Remembering Mandela: Policies and Processes in Creating a Post-apartheid South Africa

Apartheid cannot be looked upon as an event in history, but rather as a system that continues to influence politics and society in South Africa today.

During the course of the struggle against the apartheid system in South Africa, Nelson Mandela transformed his political self. He was first an underground operative protesting against the government, then became the leader of the Umkhonto we Sizwe, the armed wing of the African National Congress, before being imprisoned and finally adopting peace and non-violence in the struggle for equal rights in the country. During the Rivonia Trial, where he was sentenced to life imprisonment, Mandela famously quoted:

I have cherished the ideal of a democratic and free society in which all persons live together in harmony and with equal opportunities. It is an ideal which I hope to live for and to achieve. But if needs be, it is an ideal for which I am prepared to die.

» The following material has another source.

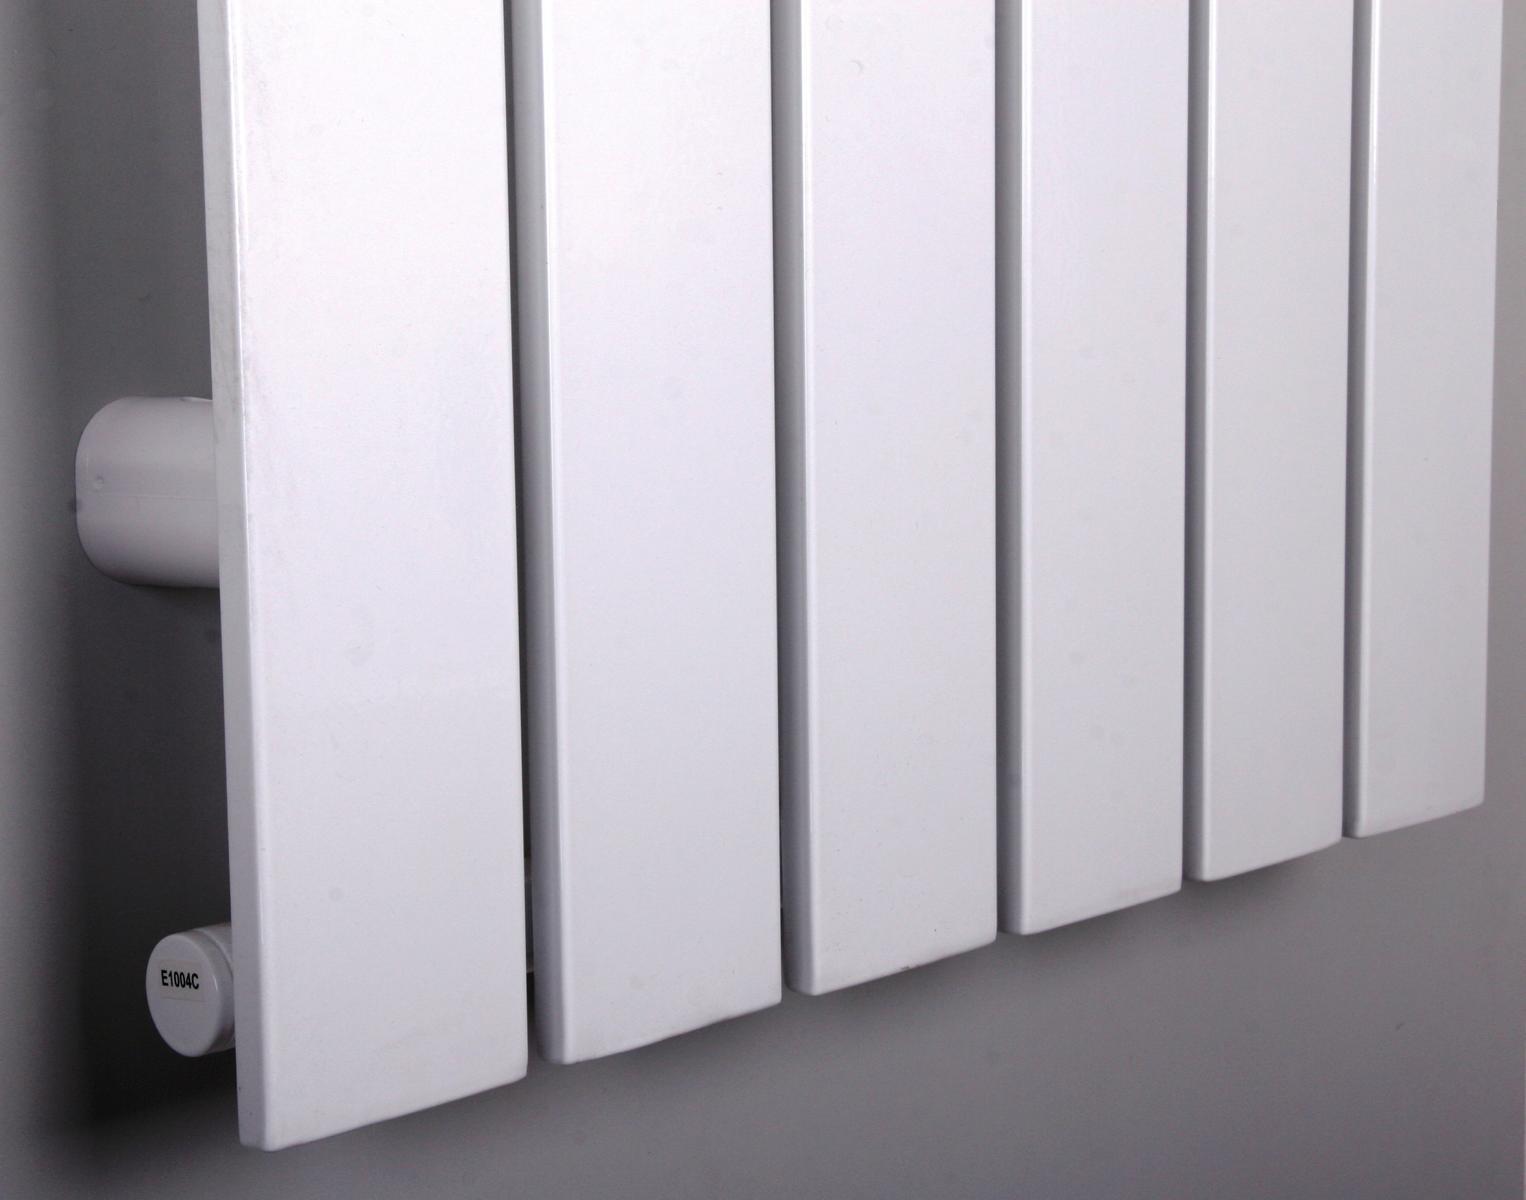 Full Size of Handtuchhalter Heizkörper Badheizkrper Peking 2 Elektroheizkörper Bad Für Küche Wohnzimmer Badezimmer Wohnzimmer Handtuchhalter Heizkörper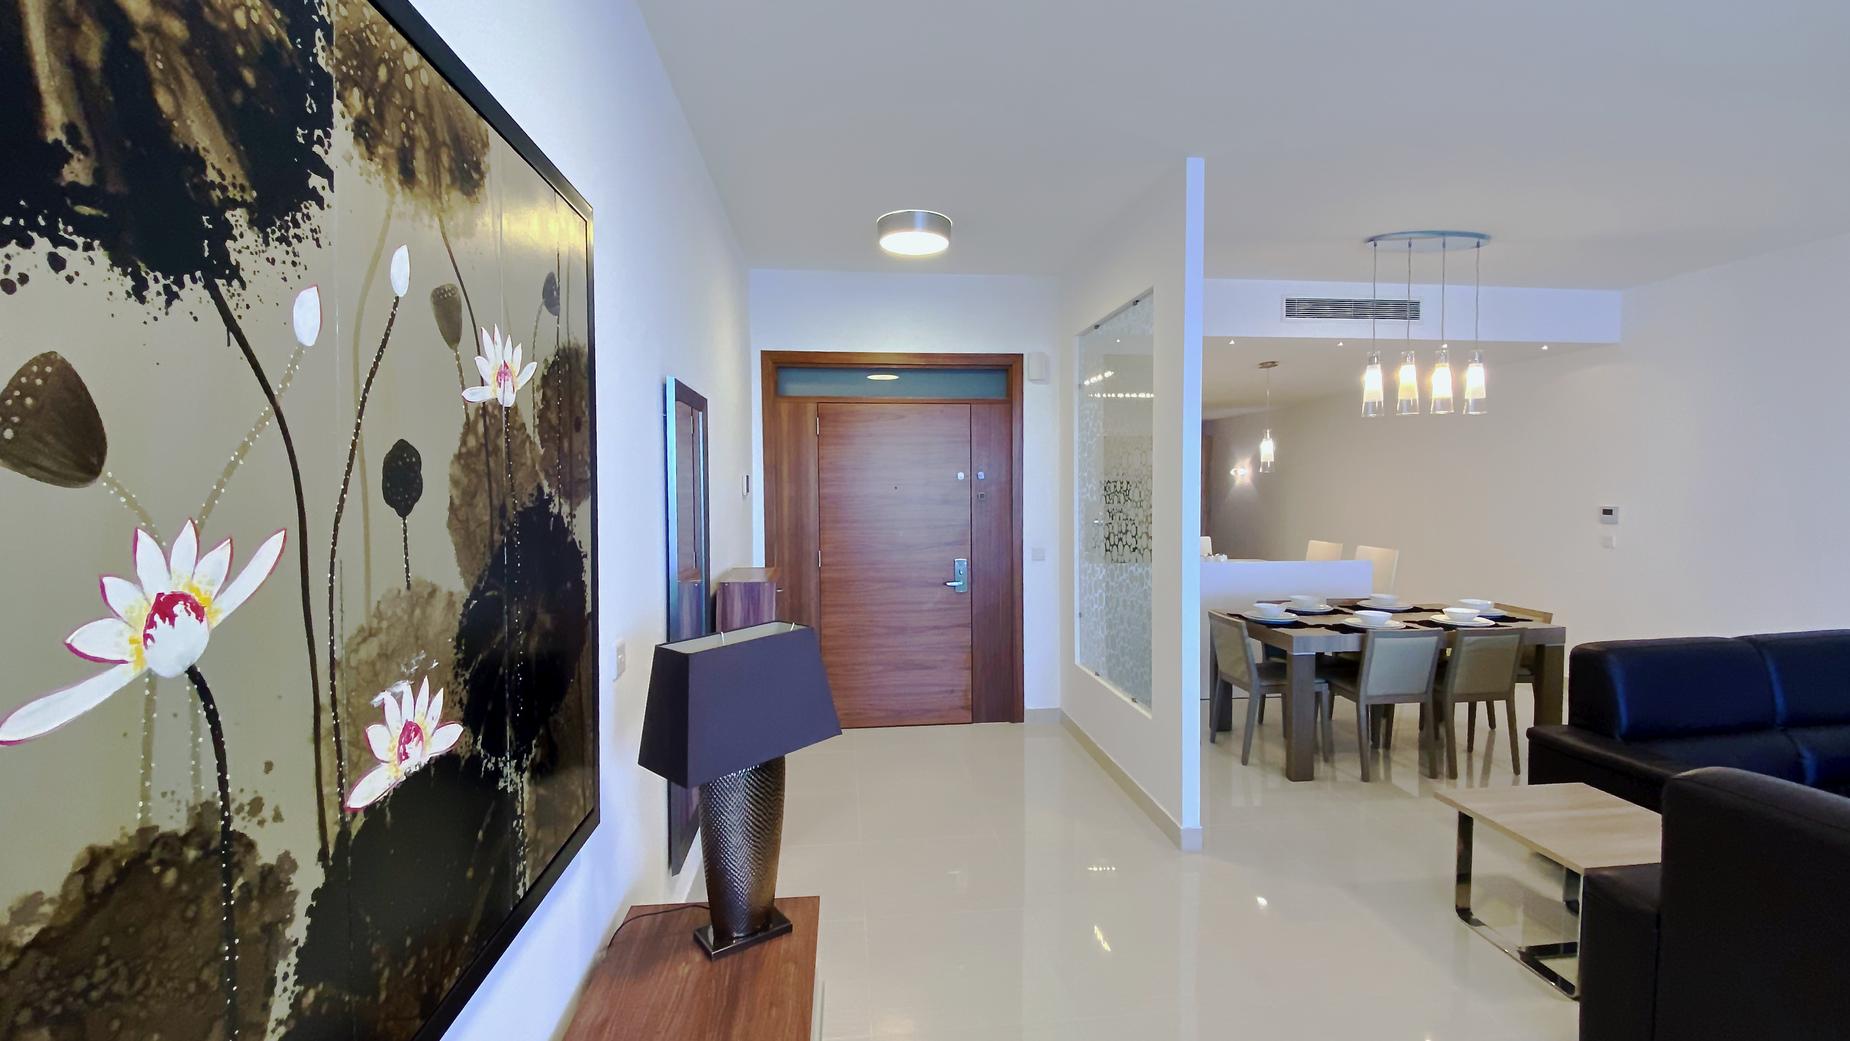 3 bed Apartment For Rent in Sliema, Sliema - thumb 4

Apartheid, the legal segregation of minority white community from persons of colour began as early as 1913, with the territorial segregation of farmland—only the white community was allowed to work as sharecroppers, while native Africans were forced to live separately in reserves. In time, more repressive measures were introduced in law: marriage and sexual relations between the white community and persons of colour was outlawed, people of colour had to carry documentation when in public, and separate public facilities were created for the two groups. Moreover, in 1951, the government passed the Separate Representation of Voters Bill, which allowed only the white community to vote and run for government office. Further policy interventions also attempted to separate and divide different African tribes, so that there could be no possibility of African unity. 

Mandela, through his political struggles, became the figurehead in the fight against the apartheid system. This reading list looks at Mandela’s politics during and after the anti-apartheid movement, the sociopolitical realities in South Africa at the time, and the creation of the post-apartheid South Africa. 

1) Critiquing A Legacy of Racism

Premesh Lalu writes that apartheid must be viewed as a system of sustained practices, whose rebalancing continues well into the post-apartheid era. To understand apartheid, one has to first understand the legacy of racism and colonialism, something that Mandela was acutely aware of. Within this framework, Mandela explained how South Africa’s trusteeship programme, which was officially stated to reconcile race relations, intensified black subjectivity in the country.

Mandela’s resourcefulness rested with his political reasoning, historical sense, and astute ability at reading. Taken together, he was capable of picking up a strand of thinking from an earlier generation of nationalist thinkers about the dangers of trusteeship to show how it was at the very heart of the violence of apartheid. Trusteeship was a discourse for interpellating black subjects into the narrative of liberalism and the orders of a segregationist state. Mandela specifically offered a view that showed that apartheid was indeed the logical outcome of the trusteeship that undergirded liberalism’s programme of fostering race relations in the 1930s.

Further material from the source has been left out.